July 24, 2014 05:12 pm | Updated 05:12 pm IST - New Delhi

A still from "Lenny"

A still from "Lenny"

Filmmakers and viewers share an abiding weakness for life-stories. Over the years, lives of public figures have come to us in the form of biopics, and tapped into our innate need to know their private selves. The appeal of the genre has only grown in recent times, as the success of films like “Lincoln”, “The King's Speech”, “Dallas Buyers Club”, “Social Network”, “Milk”, “Mandela” and “Jobs” illustrates.

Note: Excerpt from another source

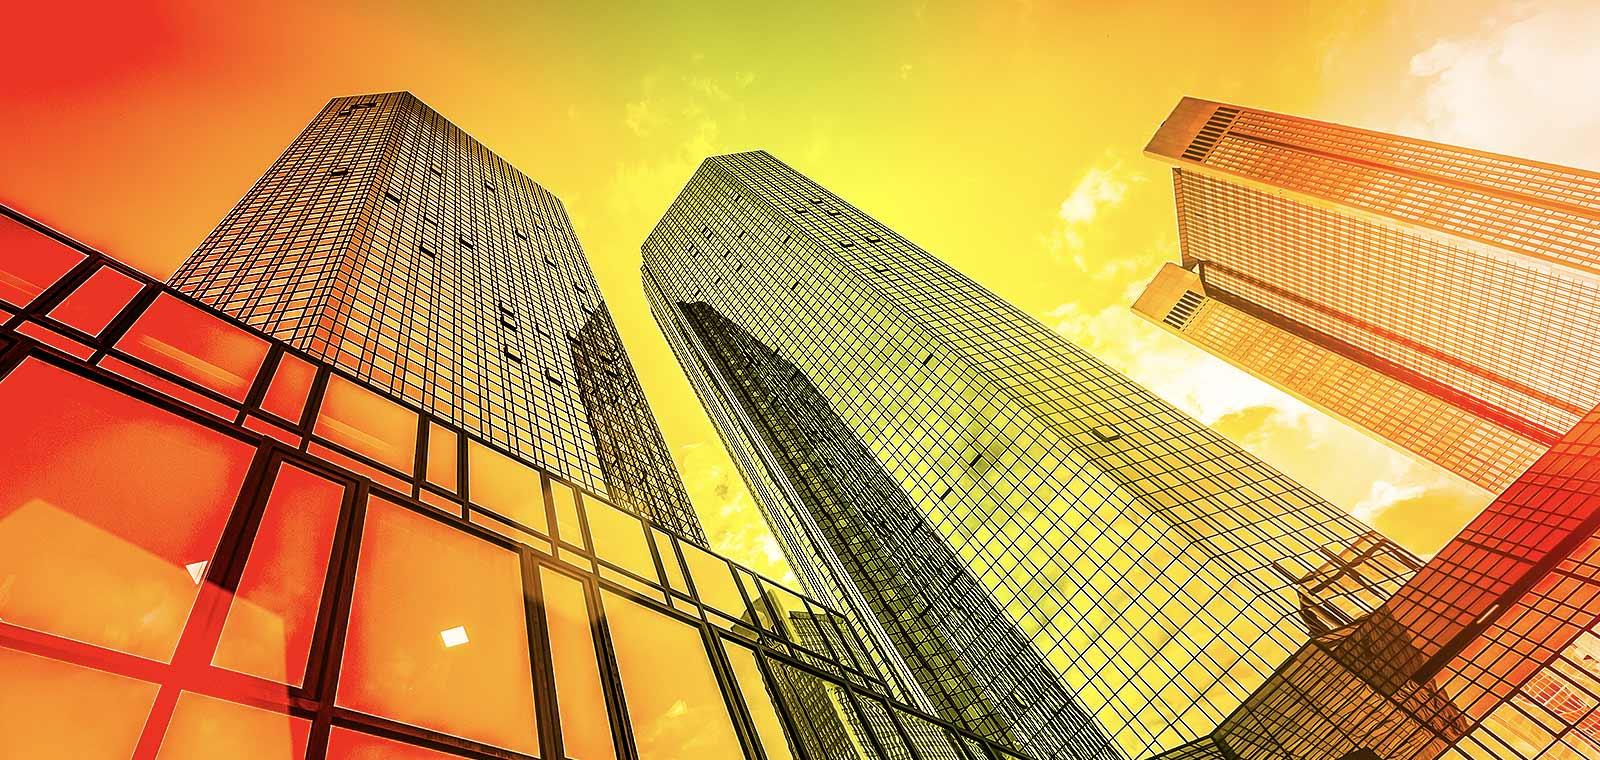 Aumento Valore Immobile Ristrutturato azionario europeo: il settore immobiliare tedesco sfida la

At the ‘Biopic Film Festival’, being held at the American Center Auditorium in Kasturba Gandhi Marg, New Delhi, six films representing diverse tendencies within the genre are being screened. These are “Ed Wood”, “Lenny”, “Auto Focus”, “I’m Not There”, “The Insider” and “The Wolf of Wall Street”. The festival, which concludes this Saturday, is being organised by American Center in collaboration with Cinedarbaar. Cinedarbaar has earlier organised retrospectives of Alfred Hitchcock, Wes Anderson and film festivals on the themes of musicals and women filmmakers.

While Todd Haynes’s “I’m Not There” is an unusual portrait of Bob Dylan, where the character is played by six different actors, Tim Burton’s “Ed Wood” tells the story of the eponymous cult filmmaker. Bob Fosse’s “Lenny” deals with Lenny Bruce, the controversial 60s comic; Michael Mann’s “The Insider” tells the story of Jeffrey Wigand, who blew the whistle on the tobacco industry and Martin Scorsese’s “The Wolf of Wall Street” charts the drug-fuelled rise and fall of stock-broker Jordan Belfort.

According to film enthusiast and literature student Kumar Unnayan, who along with film scholar Anugyan Nag will anchor discussions after the screenings, the line-up represents multiple imaginations of what a biopic can be, and not necessarily stand-out examples of the genre.

Explaining the shift in the choice of subject for biopics, he says while earlier biopics tended to focus on figures of historical renown, over the last few decades the genre has opened up to humble life-stories as well. “With the shift in period, the subject matter too has transformed as we move to a time where the ‘tragic’ and ‘heroic’ have depleted and modernity has thrown a number of individual stories...”

Lately, he adds, biopics have “derived heavily from this phenomenon where we are being exposed to the stories of so called commoner who is within the reach of our fetishes and fantasies...‘Jobs’, ‘Mandela’, ‘12 Years a Slave’, ‘A Beautiful Mind’, ‘Into The Wild’, ‘Catch Me If You Can’, ‘Erin Brockovich’ are all a part of evolution of this genre in the past two decades.”

A biopic, Unnayan argues in conclusion, relies on the nexus of the literal and the fictional.

“It demands not just a hold on the life of an individual but also on how well you can enmesh the individual in and around society...How much you can locate or root your character in and around the times in which they existed separates a good biopic from a bad one.”